- Occupations: News anchor, voice actor, media personality
- Years active: 2006–present
- Employer: GBC
- Organization: GTV

= Rebekah Awuah =

Ghanaian journalist

Rebekah Adwoa Awuah is a Ghanaian journalist, who has worked as a news anchor on GTV.

== Education==
Rebekah had her secondary education at Ghana Senior High School in koforidua. She holds a degree in Theater Arts from the University of Ghana, and has also studied law at the Ghana Institute of Management and Public Administration, and Public Management at the University of Wisconsin–Madison.

==Career==
Rebekah began her career GBC in 2009 as a National Service Personnel, and subsequently became a pioneering anchor and documentary producer for GBC in 2010.

=== Rebekah Awuah Foundation ===
Awuah has established a charitable foundation called the Rebekah Awuah Foundation.

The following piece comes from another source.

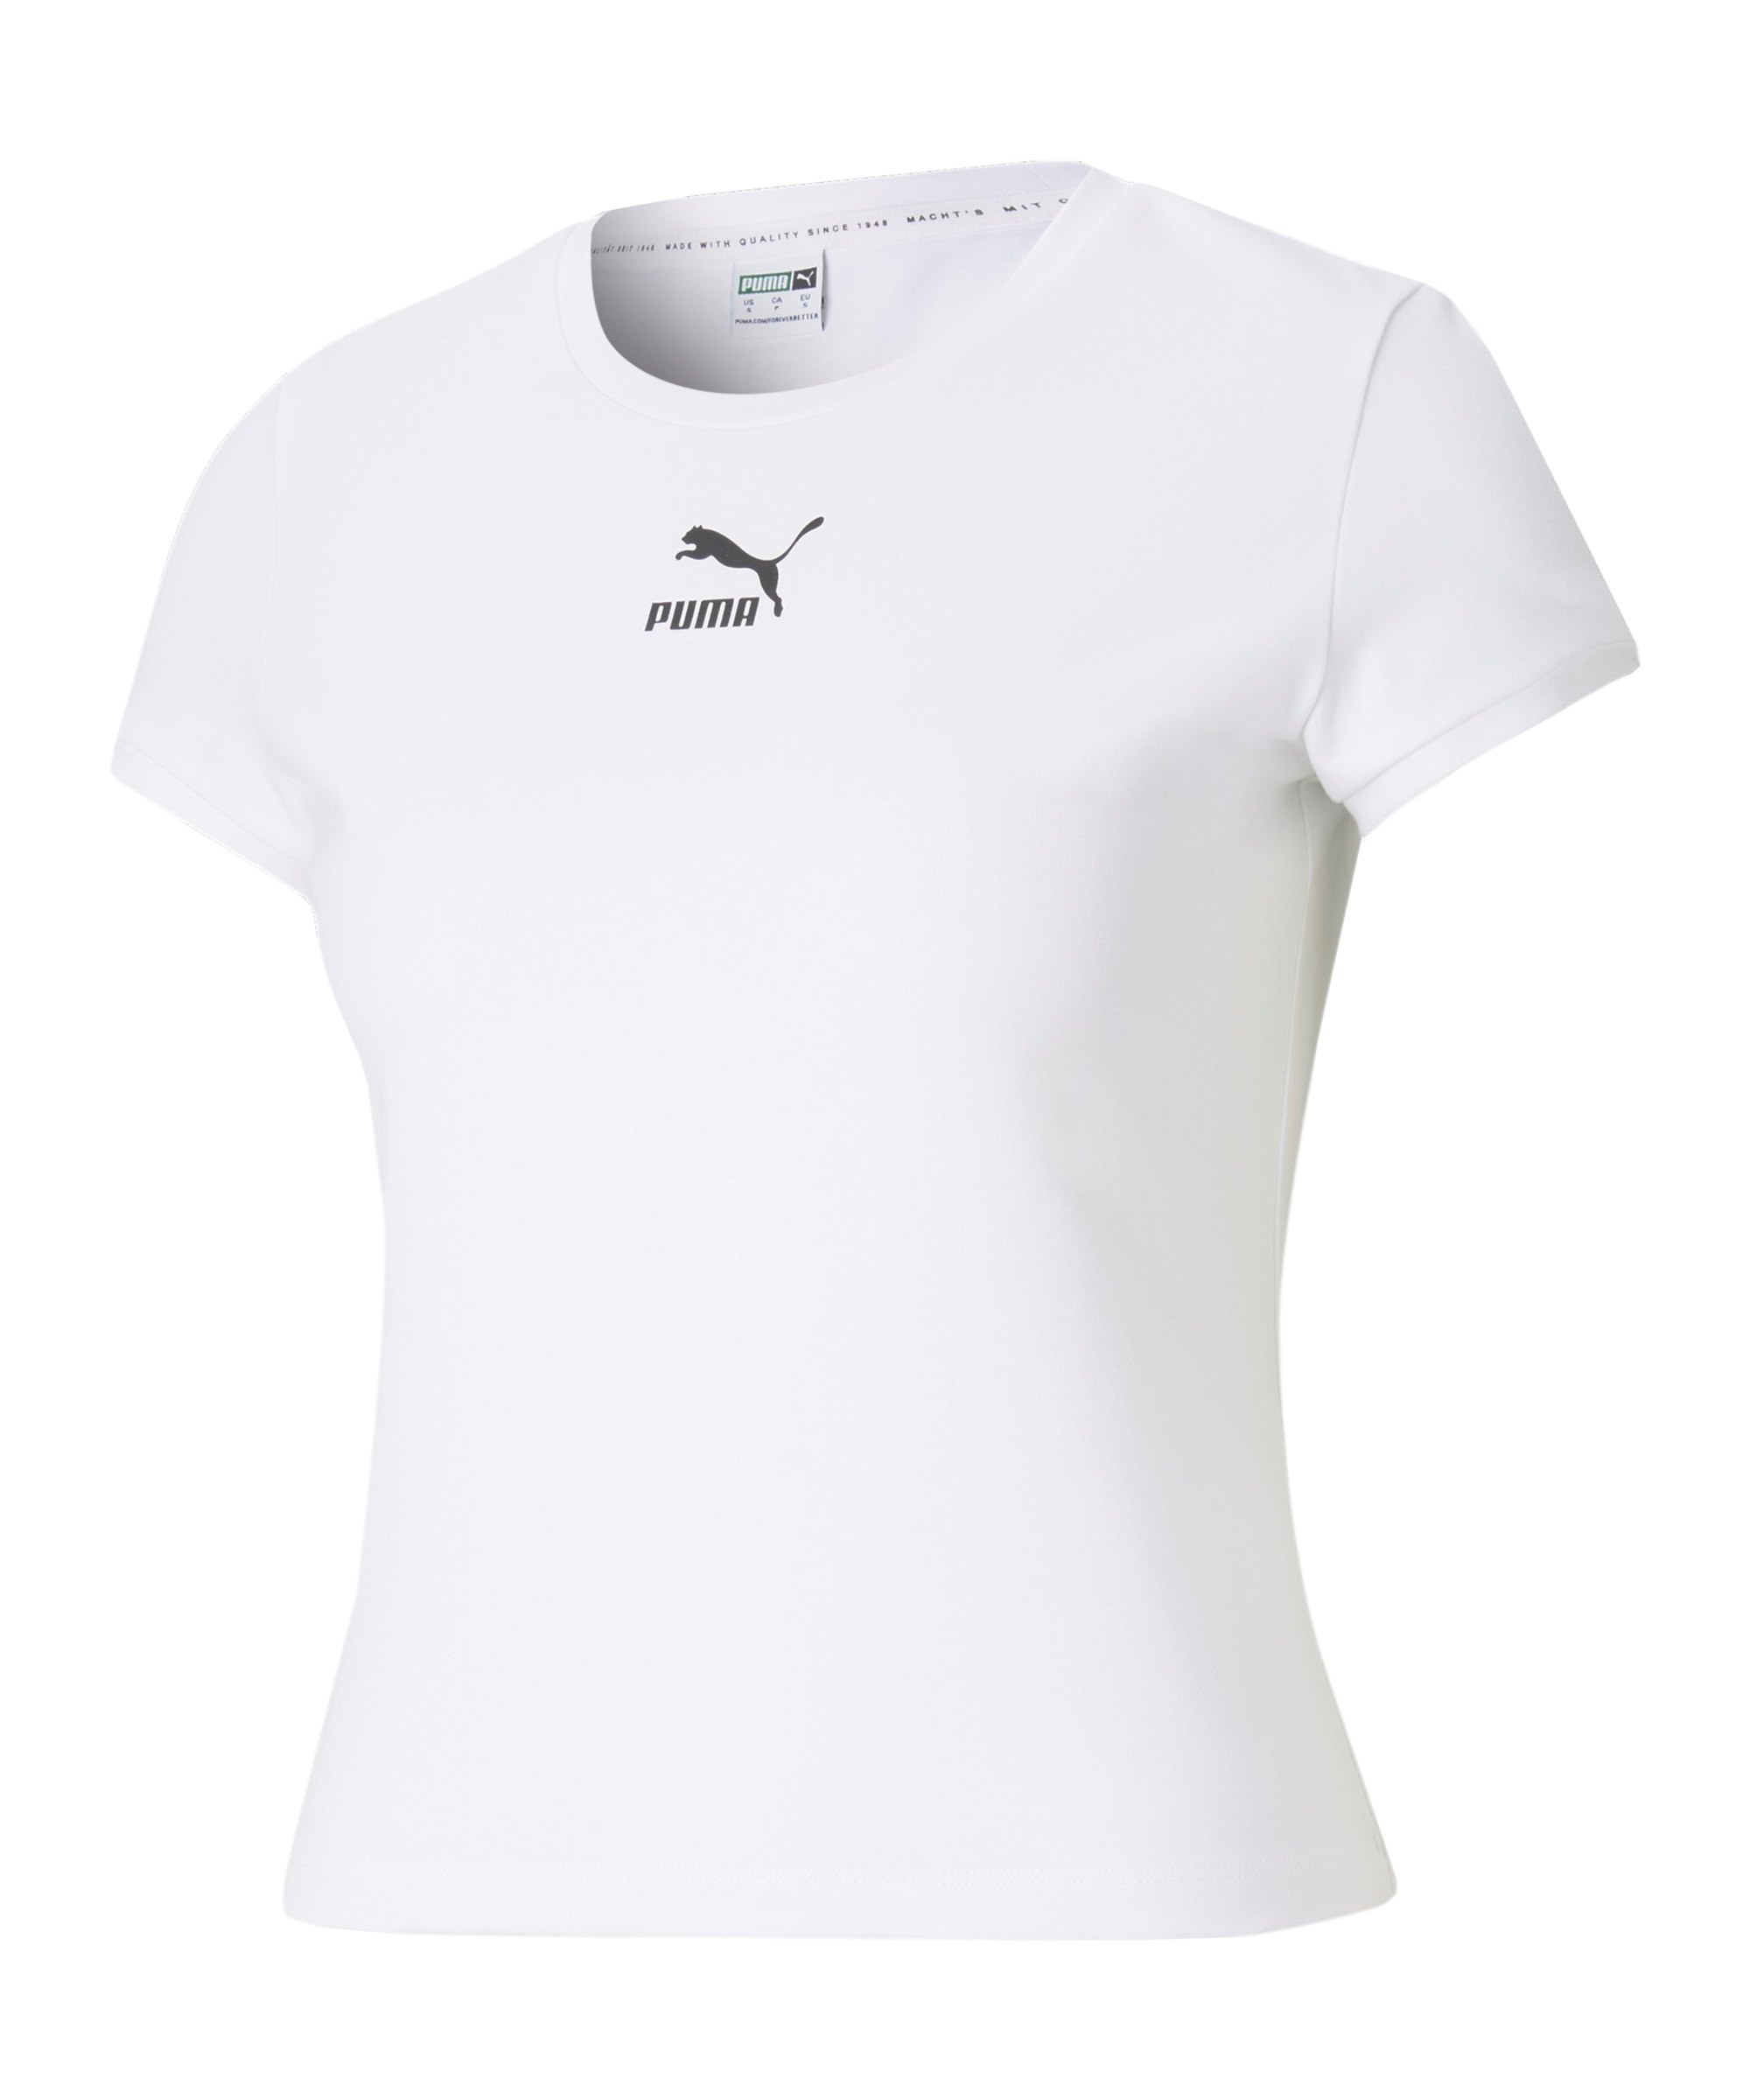 PUMA Classics Fitted T-Shirt Damen Weiss F02 - weiss
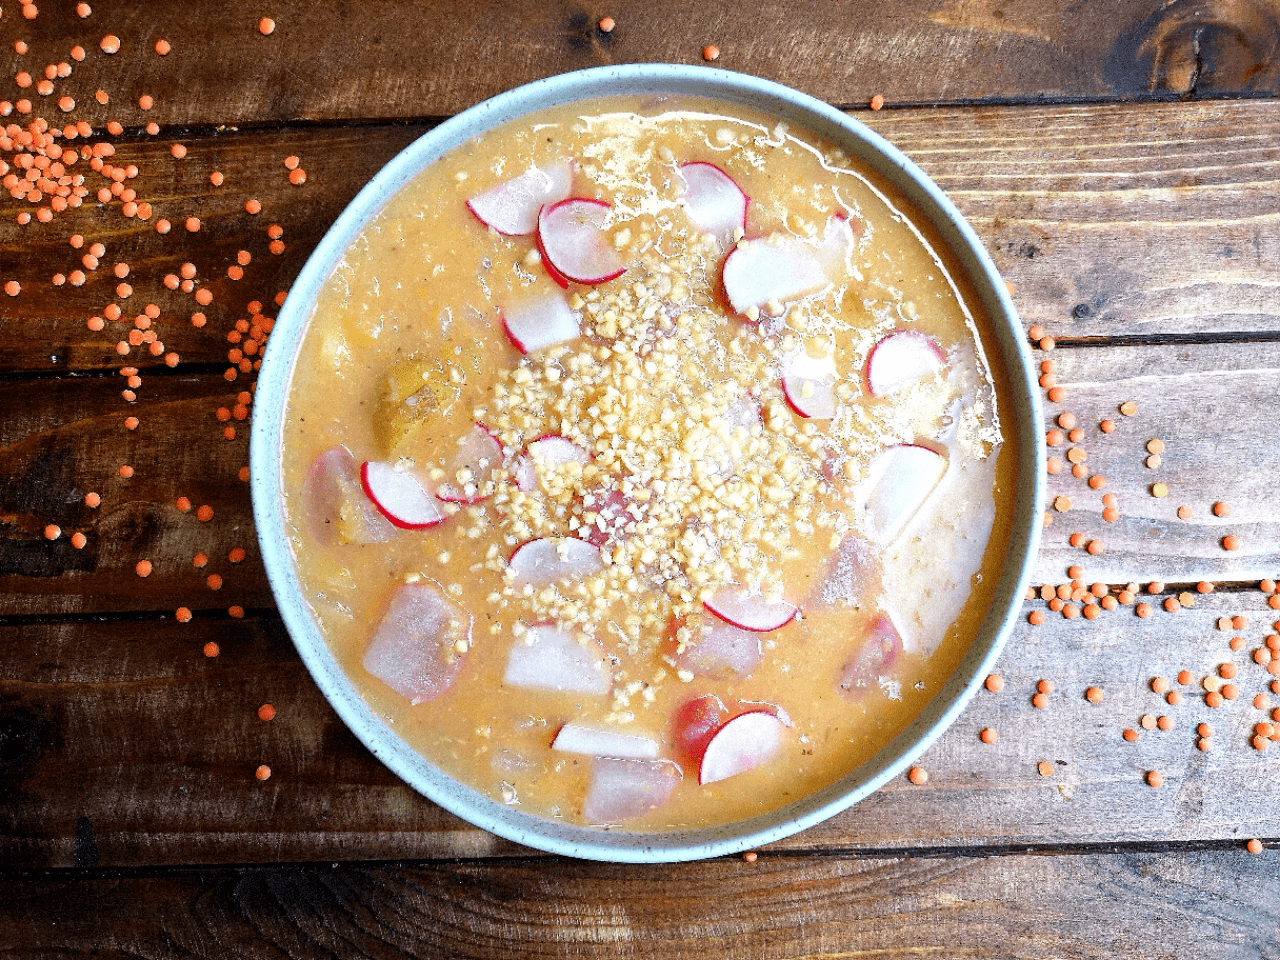  Erfrischende Eleganz trifft auf delikate Würze: Radish Rocket - Die verführerische Kälte von Radieschen-Suppe mit einem Hauch von roten Linsen, ein Geschmackserlebnis, das Ihre Sinne in den Himmel schießt.

The charity has provided hygiene and health products to individuals in need. Previous projects have included giving dental products to children, and COVID-19 PPE to seniors, street vendors, and rural citizens.

== Awards and recognitions ==
In 2013, Rebekah Awuah was nominated in the CNN Multichoice African Journalist Awards for her story "African Drumming & Dance".

Awuah won the Ghana Journalists Association – GJA Arts, Entertainment and Domestic Tourism Award in 2013, 2014 and 2015 and 2016. In 2017, she won the Best Business Tourism Award from the Institute of Financial and Economic Journalists (IFEJ). In 2017, she also won Journalist of the Year in the Women’s Choice Awards Africa.

She was nominated for Energy Reporter of the Year at the Ghana Energy Awards in 2021, and won the award in 2022. In December 2021, she was named a Fellow of the Media Capacity Building Initiative for Reporting on Disability (MCBIRD) for her work on the story "Cloak of Invisibility: PWD’s Making Strides Amid Challenges".

In January 2022, Awuah was elected secretary of the Arts & Tourism Writers Association of Ghana (ATWAG).